— А как же ж? Мы с Пашенькой последние годы вдвоем жили. Вот и говорили обо всем — что видели, что слышали, она на работе, я на базаре, в церкви, если порознь ходили… вспоминали многое… Чем нам было еще заниматься-то? Родных рядом — никого, ты знаешь. Я так и вовсе одинокая, мой Сашенька, как погиб на реке во время сплава, году в двадцатом, так больше я замуж и не пошла. И деток Бог не дал… А Людмилка Пашина давно в Ниженном живет, внуков вот, три года уж как не видели…
Тут от столов потянулись люди, и она вынуждена была замолчать. Махнув своим, чтоб ехали и меня не ждали, оставил тетю Аню провожать соседей, сам прошел обратно в сад.
Вот же я остолоп! Думал, рассуждал еще… но что взять с меня, взрослого одинокого мужчины? Как помыслить мог только, что образ жизни двух пожилых женщин, настолько отличен от моего понимания возможных между ними отношений?!
И хотелось мне… хлопнуть себя посильней по лбу, все ж недогадливость моя была беспредельна — с моей-то семьей они роднились близко, хотя по сути-то родственниками нам и не были, так ведь не просто так, а от одиночества! А потому догадаться о близости сестер, живущих вместе — лишь вдвоем уже лет десять, я мог вполне.

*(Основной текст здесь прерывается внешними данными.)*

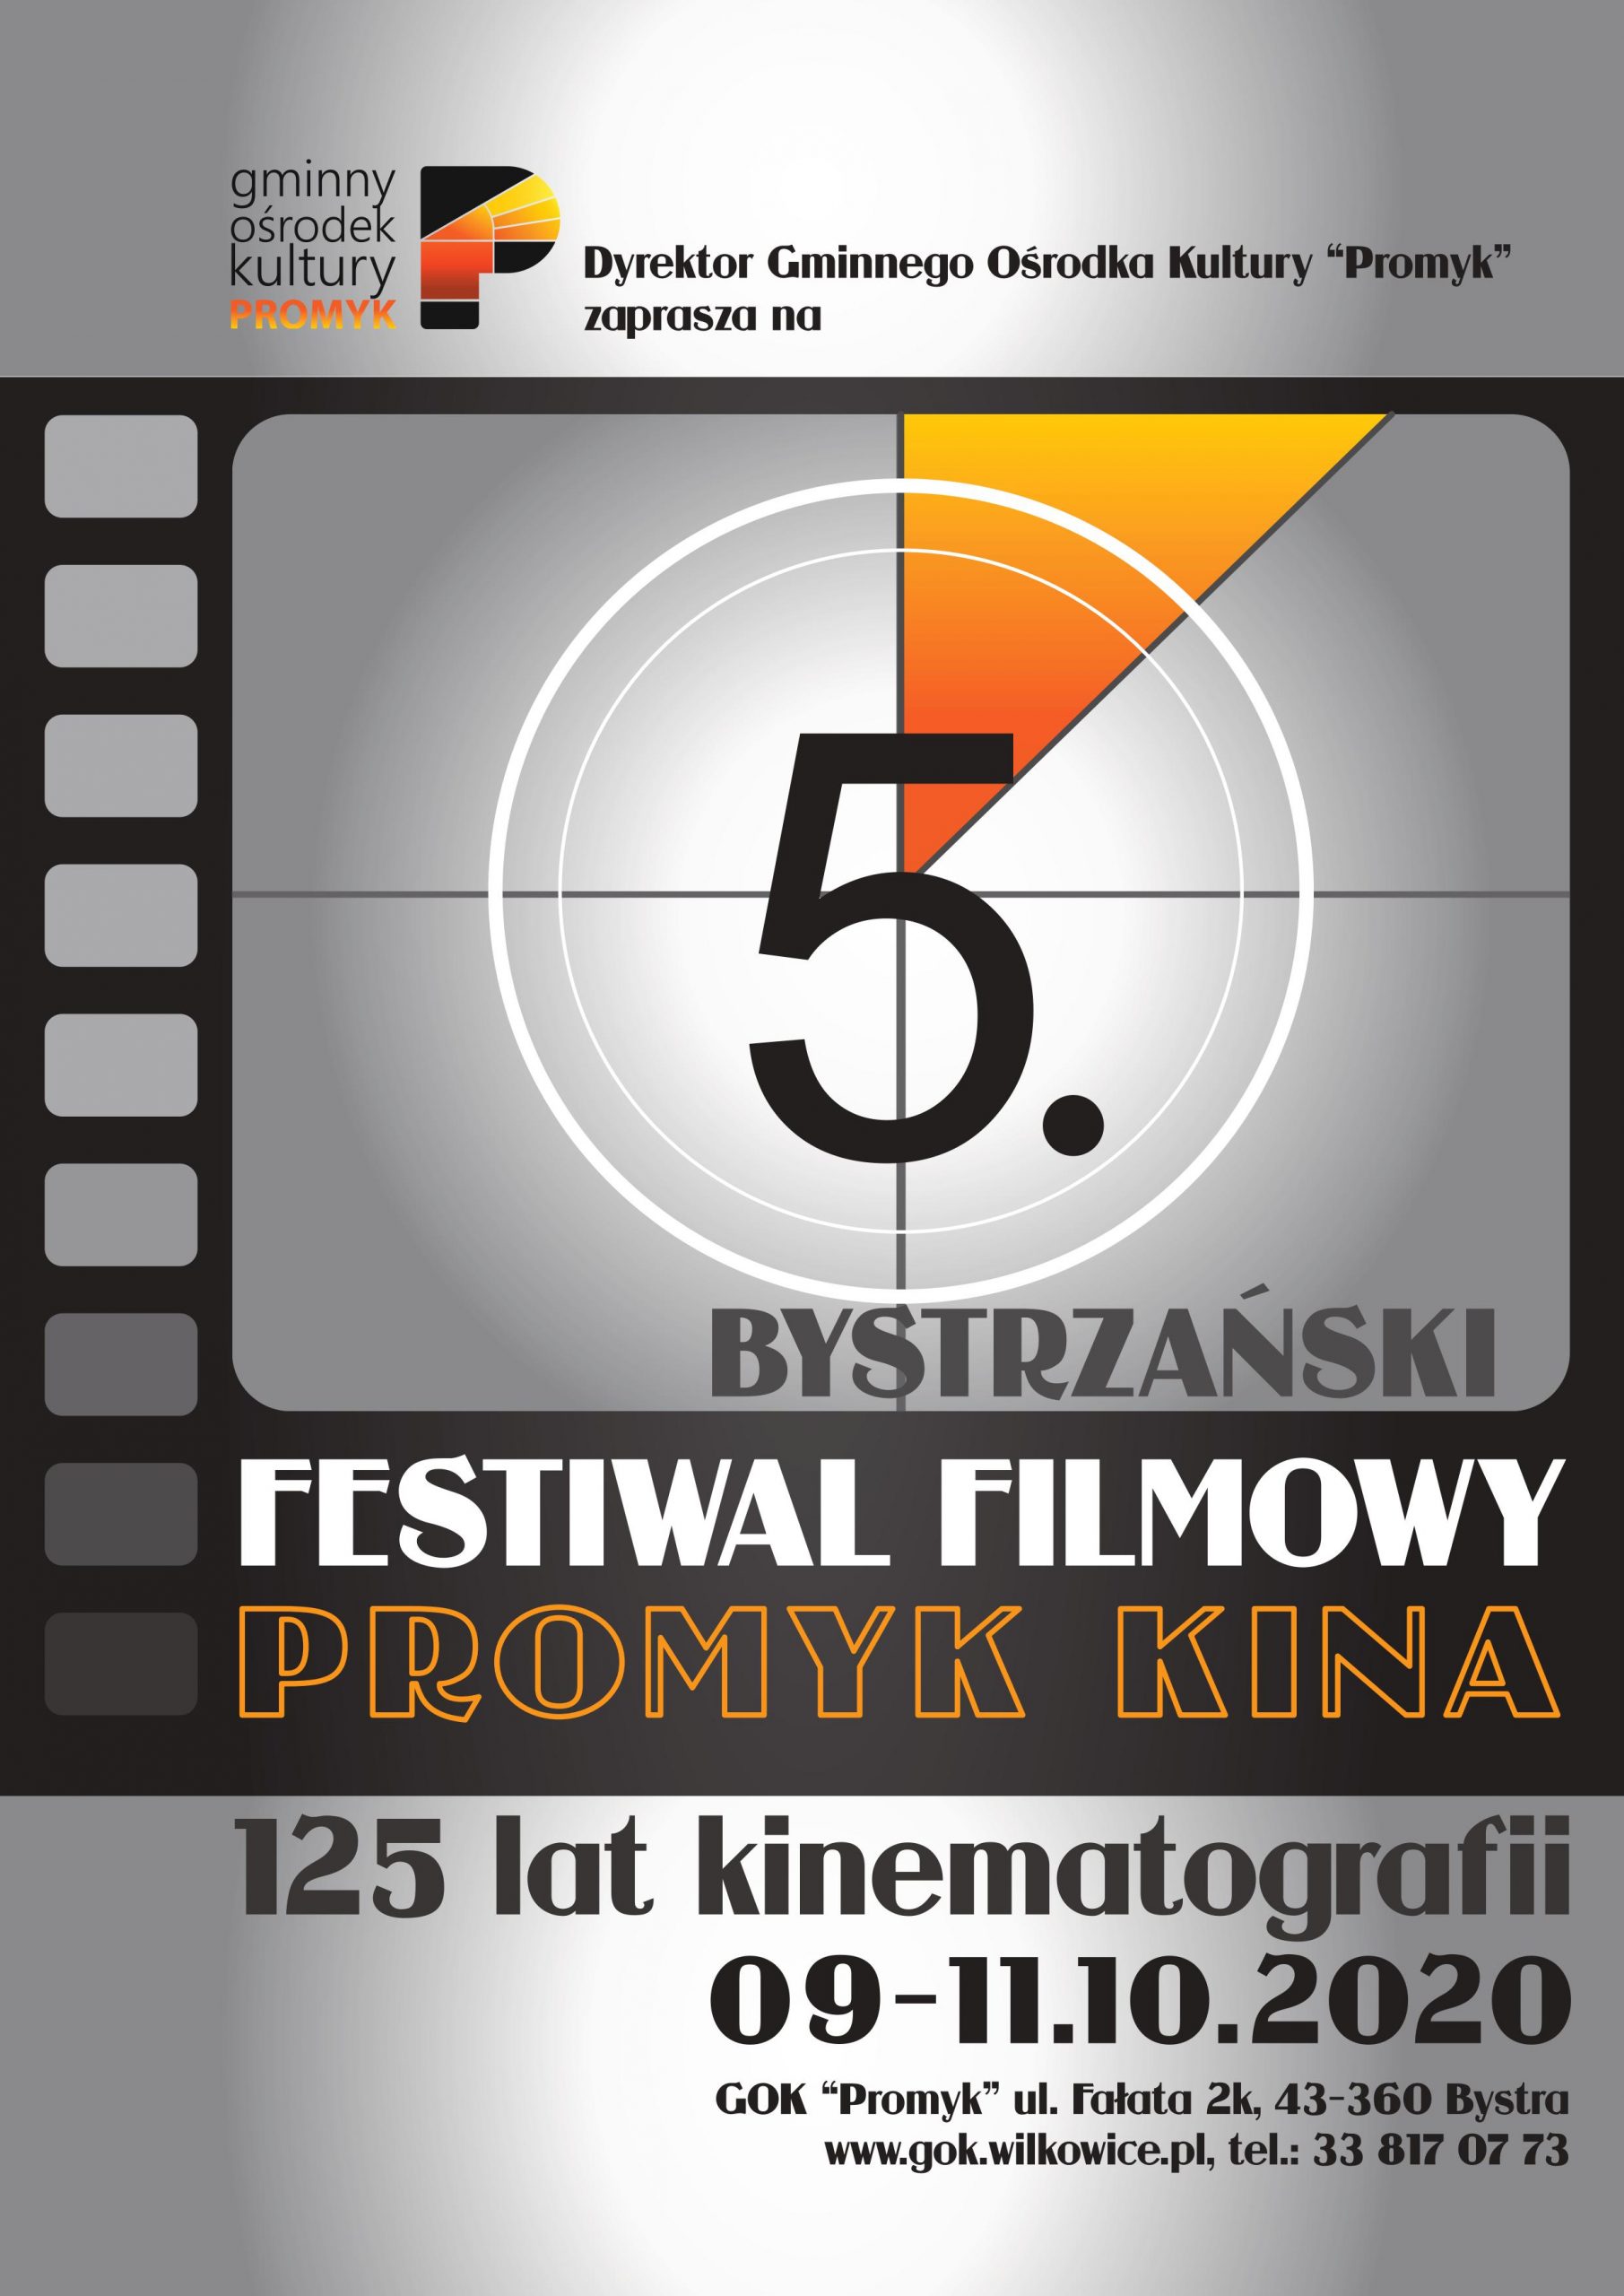 Bystrzański festiwal filmowy

А потом мне хотелось… схватить тетю Аню, усадить ее поскорей перед собой и закидать вопросами, которые вдруг и сразу зароились, зажужжали в моей голове, словно пчелы в потревоженном улье.
Но я взял себя в руки и сначала терпеливо ждал, пока она распрощается со всеми, потом спокойно пил принесенный ею мятный чай и молча жевал подсунутую конфету, а главное, слушал то, что ей угодно было говорить. При этом, не перебивая.
Да, я сидел и слушал о том, как жилось им с Пашенькой в последние годы, как, не имея возможности видеть внуков часто, привечали нашу Маняшу, считая ее единственной отрадой своей, о том, что и не знает она, тетя Аня, теперь, как сможет доложить в письме Людмилке, о смерти матери …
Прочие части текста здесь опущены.